White House Struggles with the Language of Terrorism
"We must never accept the premise that they put forward, because it is a lie," Obama says. "They are not religious leaders. They're terrorists."
President Obama and the White House came out aggressively Wednesday against those who have attacked his often-careful use of words to describe the battle against terrorists. The defense came after a week of being battered—mostly by conservatives—for a reluctance to talk about "Islamic terrorism" and a hesitation to label victims as Jewish or Christian.
In his keynote address to the White House Summit on Countering Violent Extremism, the president acknowledged the furor, which has played out largely on the cable news shows, where critics objected to the title of the summit because it did not single out Muslims for blame.
"Leading up to this summit," he said, "there's been a fair amount of debate in the press and among pundits about the words we use to describe and frame this challenge. So I want to be very clear about how I see it."
What he sees, he explained, are terrorists such as al-Qaida and the Islamic State who are "desperate for legitimacy" and "try to portray themselves as religious leaders, holy warriors in defense of Islam."
But he said he is determined not to give them that legitimacy because that would help them gain recruits. "We must never accept the premise that they put forward, because it is a lie," he said, adding: "They are not religious leaders. They're terrorists."
To applause, he added firmly: "And we are not at war with Islam. We are at war with people who have perverted Islam."
In saying that, the president is repeating almost word for word statements made by his predecessor, President George W. Bush, when he first declared the war on terror in the wake of the devastating attacks of September 11, 2001. In his address to the nation on September 20, 2001, Bush said the terrorists were on "the fringe" of Islam. "The terrorists are traitors to their own faith, trying, in effect, to hijack Islam itself," he said. In later remarks, Bush repeatedly said, "Ours is a war not against a religion, not against the Muslim faith." He added, "We do not fight Islam; we fight against evil."
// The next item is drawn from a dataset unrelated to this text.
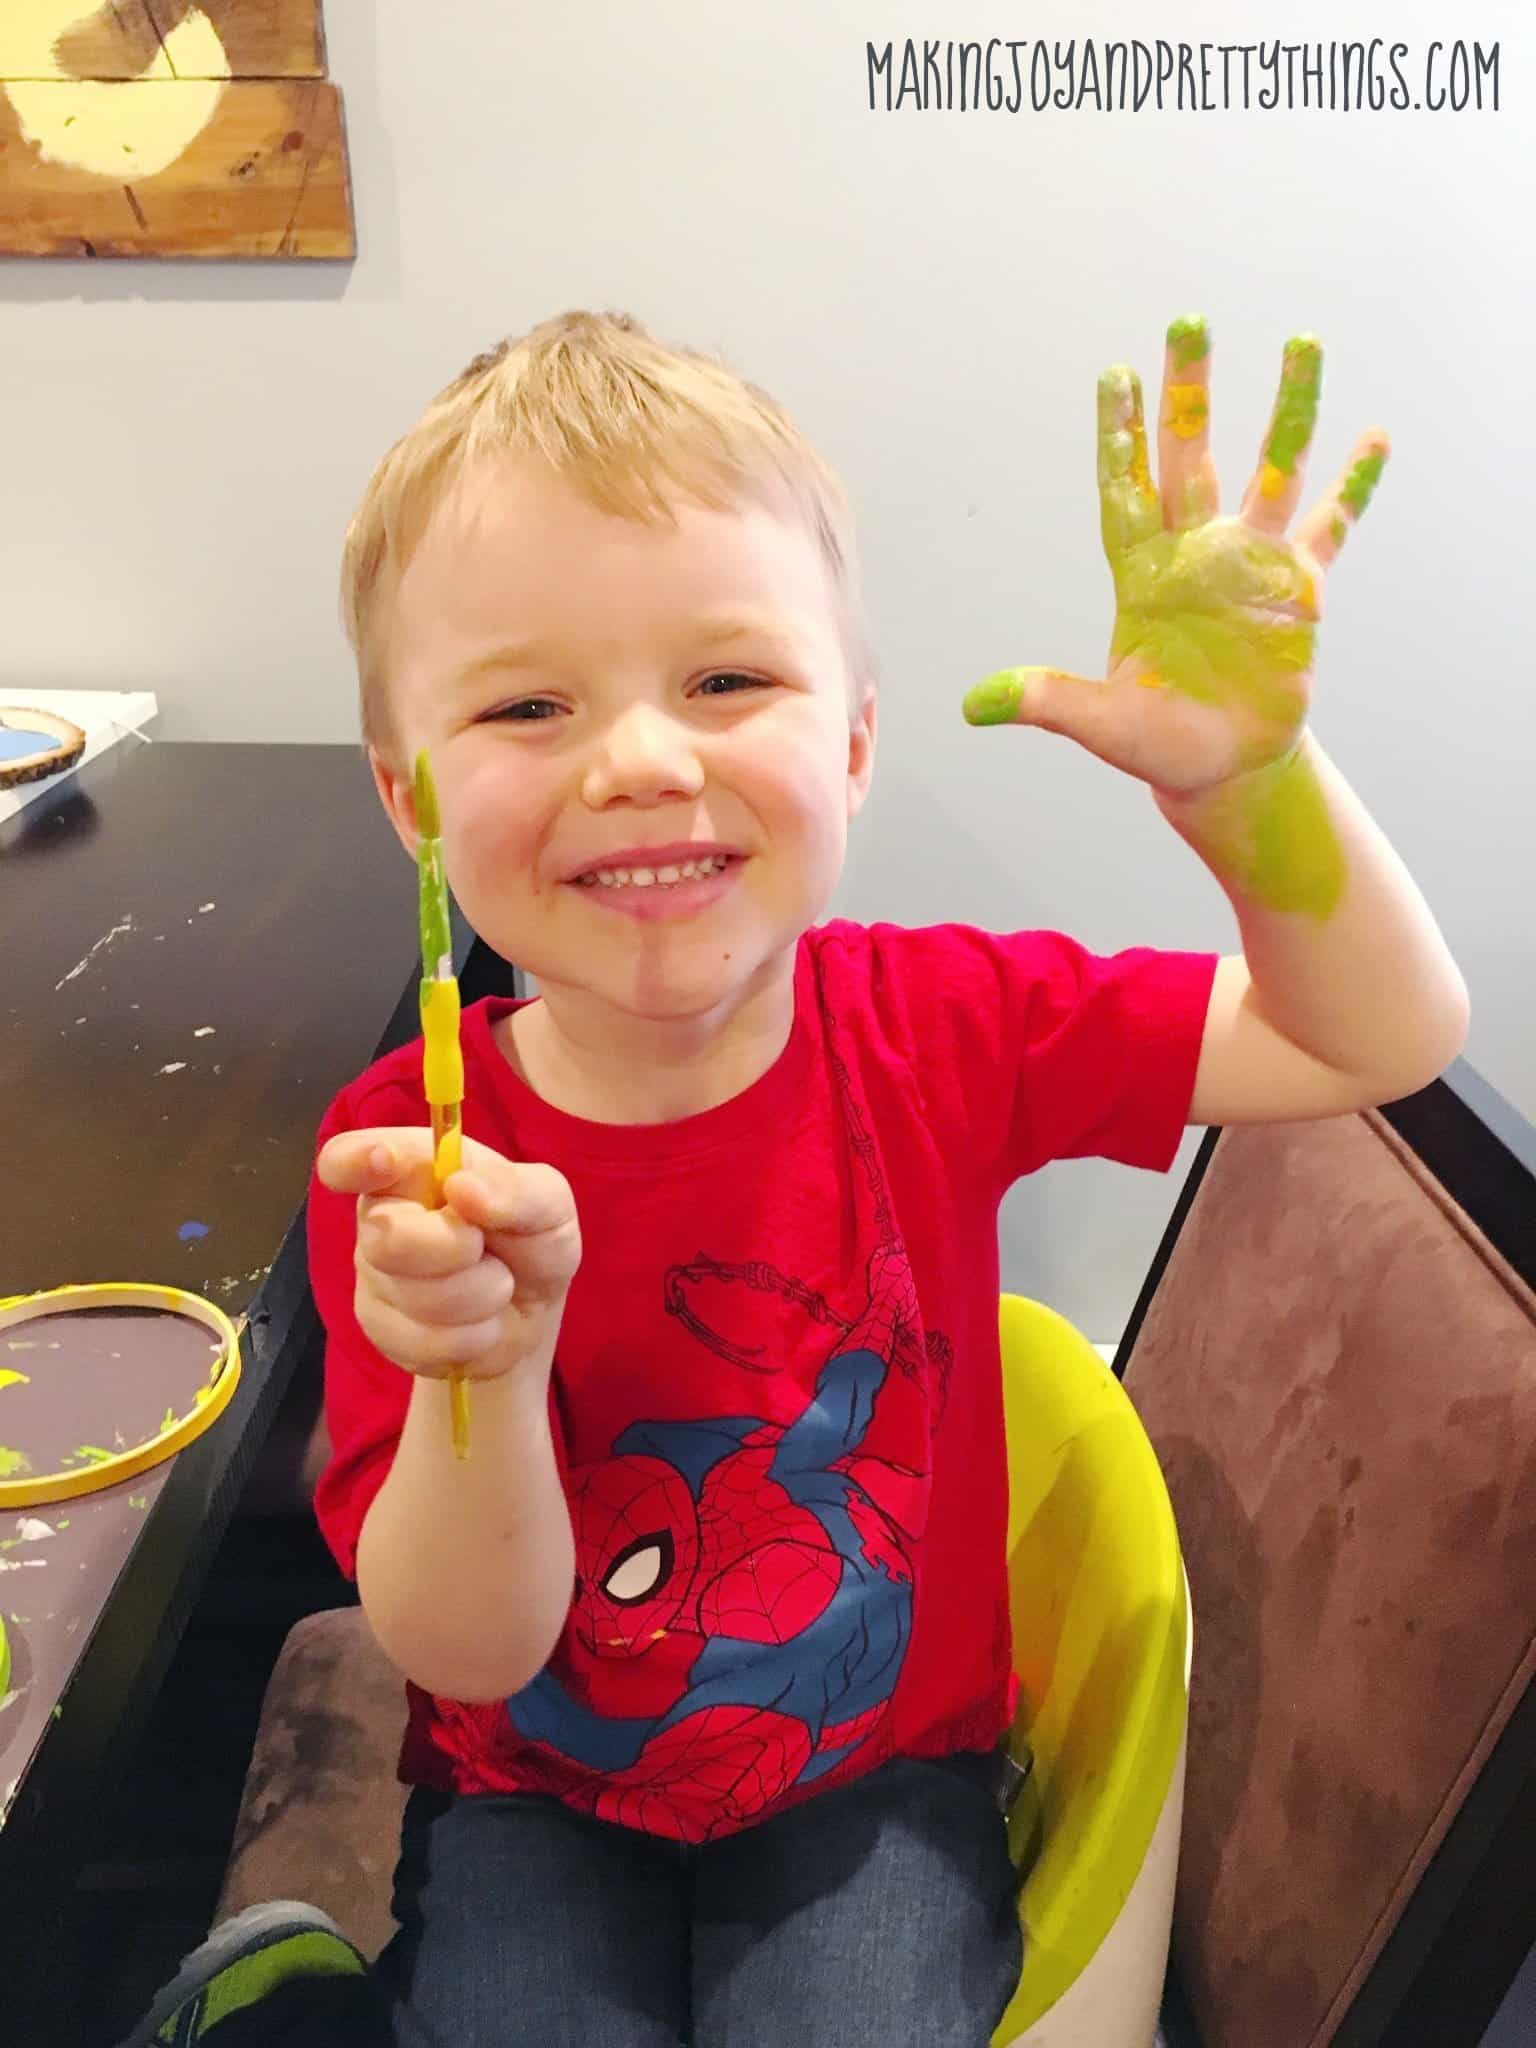 A little boy in a red shirt proudly smiles, holding up his green and yellow paint-covered hand and paint brush while making pressed flower suncatchers.

But those sentiments never brought Bush the withering criticism faced by Obama for saying the same thing 14 years later. In part, that is because Bush at the same time was sprinkling his remarks with doses of bluster, such as wanting terrorists "dead or alive." And in part, it is because Obama has bewildered even his supporters by the reticence of his White House to state what seems obvious. In the last week, that means the obvious facts that Jews were targeted in the Paris attack on a kosher deli and that Christians were targeted in the horrific mass beheadings by the Islamic State militants in Libya last weekend.
At Wednesday's White House briefing, press secretary Josh Earnest denied he had "tip-toed" around the reality. But when pressed, he replied, "We'll put an end to the tip-toeing to the extent that there's been any." He added, "If people assume that I've been tip-toeing, let me just try and be as clear as I can and we'll see how this works."
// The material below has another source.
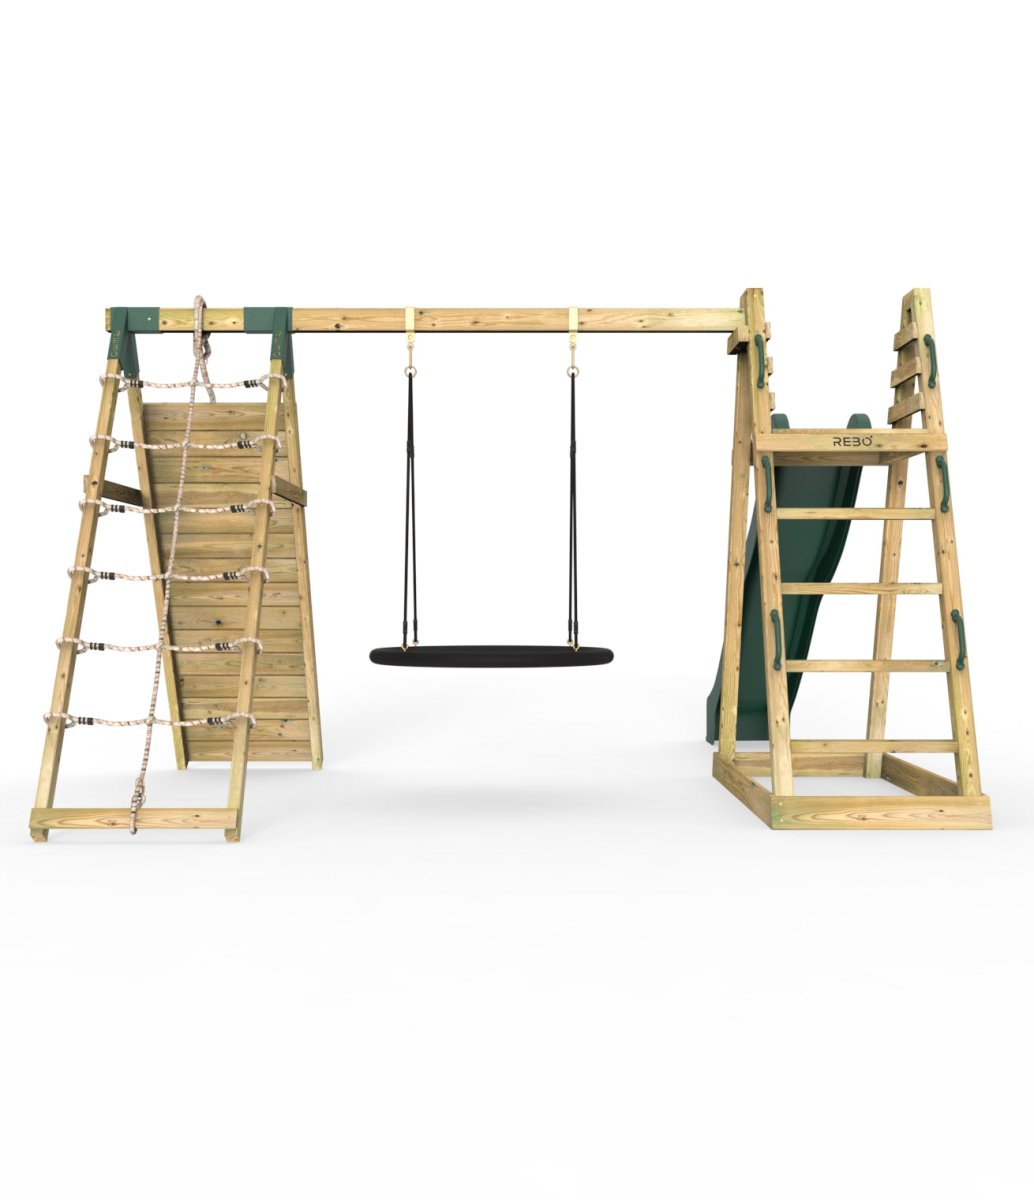 Rebo Wooden Pyramid Climbing Frame with Swings & 10ft Water Slide - Looking Glass

In fact, Earnest and the White House had been more guilty of tripping over their own words than tip-toeing around the facts. Every White House tries to be cautious when talking about international affairs. They understand that diplomats—and enemies—will be parsing each syllable, eager to pounce on poorly chosen words. Bush was a victim of that in 2001 when he twice described the war on terror as a crusade, using a word that even centuries later is heavily laden with symbolism and bad memories for the Muslim world.
In Obama's case last week, it was seeming to suggest that the deli victims in Paris were chosen "randomly" and not because of their faith. Instead of immediately correcting the misimpression, Earnest and State Department spokeswoman Jen Psaki struggled to answer questions. Only later in the day did Earnest send out a tweet to correct the record.
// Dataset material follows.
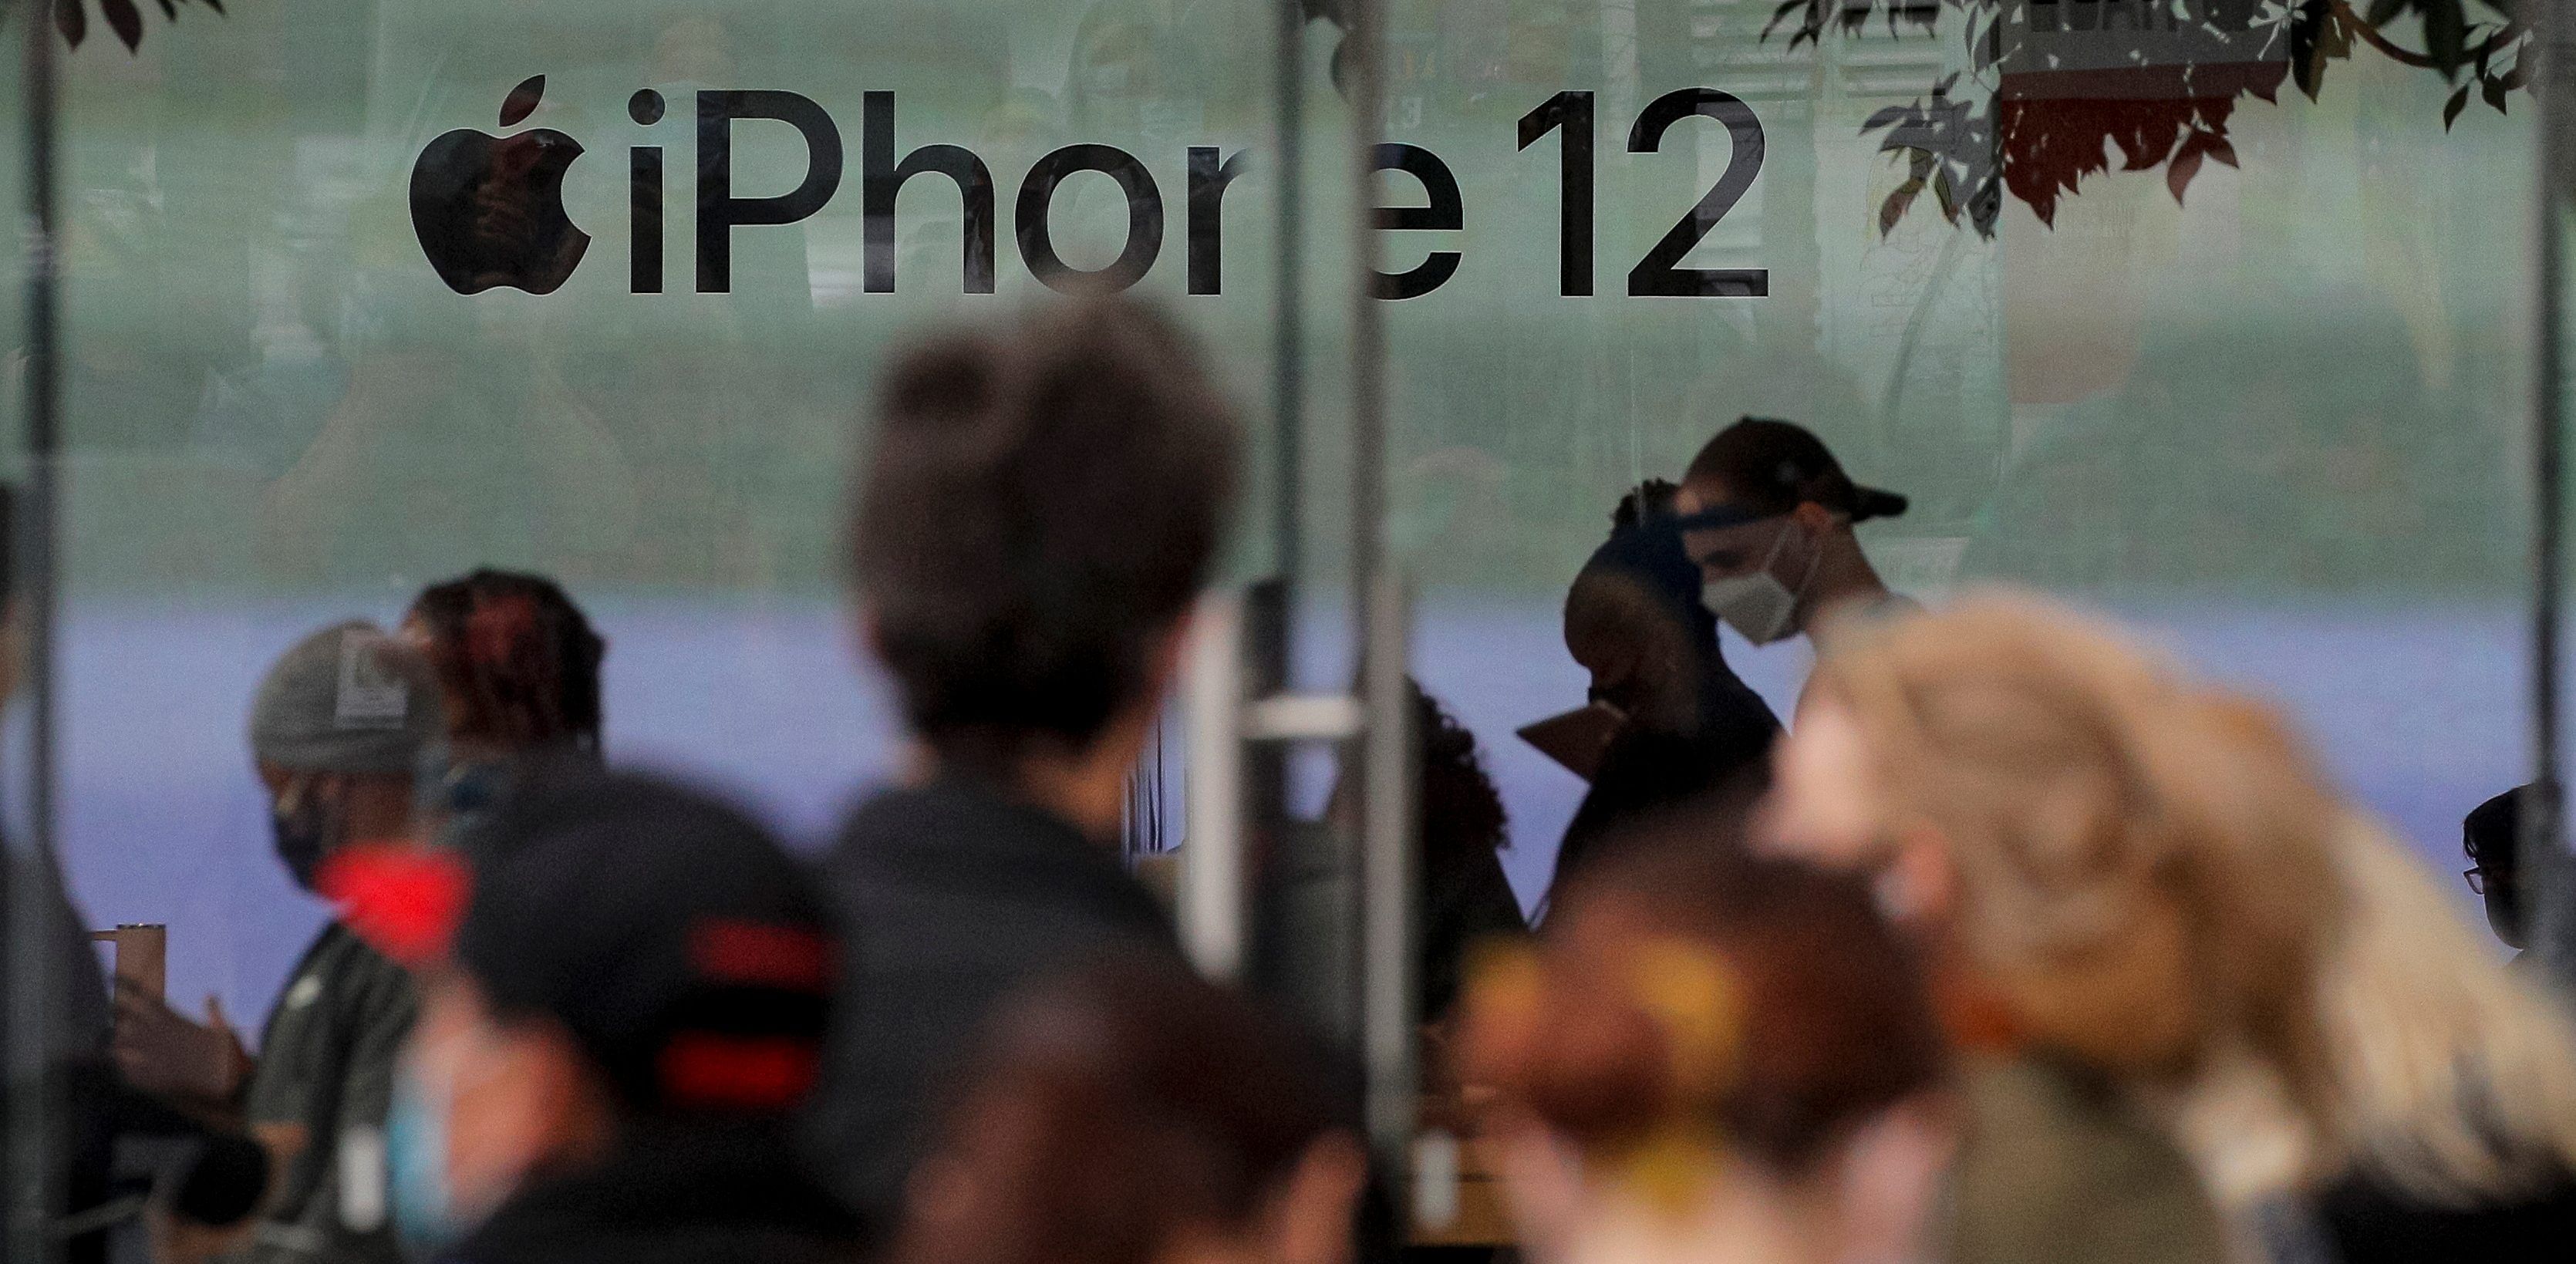 Apple typically puts new iPhone models on sale in the third quarter, but this year the devices were not available until late October. Two of the handsets, the iPhone 12 mini and iPhone 12 Pro Max, won’t arrive in stores until the middle of November. Credit: Reuters

In the case of the Coptic Christians slaughtered by the Islamic State, an initial statement by Earnest said all the right things—except that it described the victims as Egyptian "citizens" instead of Christians. The critics ignored the fact that the president, in his op-ed written for the Los Angeles Times, wrote openly about "Egyptian Christians." Or that Earnest quickly offered assurances that he was not trying to ignore why they were killed.
The critics were too busy trying to find deeper meaning in the original statement. Tony Perkins, president of the Family Research Council, appearing on Fox News, called it "troubling" that the White House statement did not refer to the victims as Christians. Charles Krauthammer, also on Fox, complained that "we have an administration that is truly pathological in its inability to actually state what's going on." Columnist George Will, on the same show, lamented, "Why can't they say what specifically happened?"
Earnest tried again to clarify at his briefing.
"As I tried to make clear ... last week and I've made clear in a tweet following, there is no doubt about the motivation of the individual who carried out this attack against a kosher market in Paris," he said. "He was motivated by anti-Semitism. And he went to that market, hoping that he could kill Jewish people. And he was targeting them because they were Jewish."
Turning to the beheadings in Libya, he cited the statements of the killers "that they were killing Egyptians because of their Christian faith. And we have been crystal clear in the statement that we put out from the president on Friday, and the president's prayer breakfast remarks earlier this month, that it is wrong and completely unacceptable and unjustifiable to target people, particularly with acts of violence, because of who they are, because of who they worship, because of what their last name is or because of what they look like."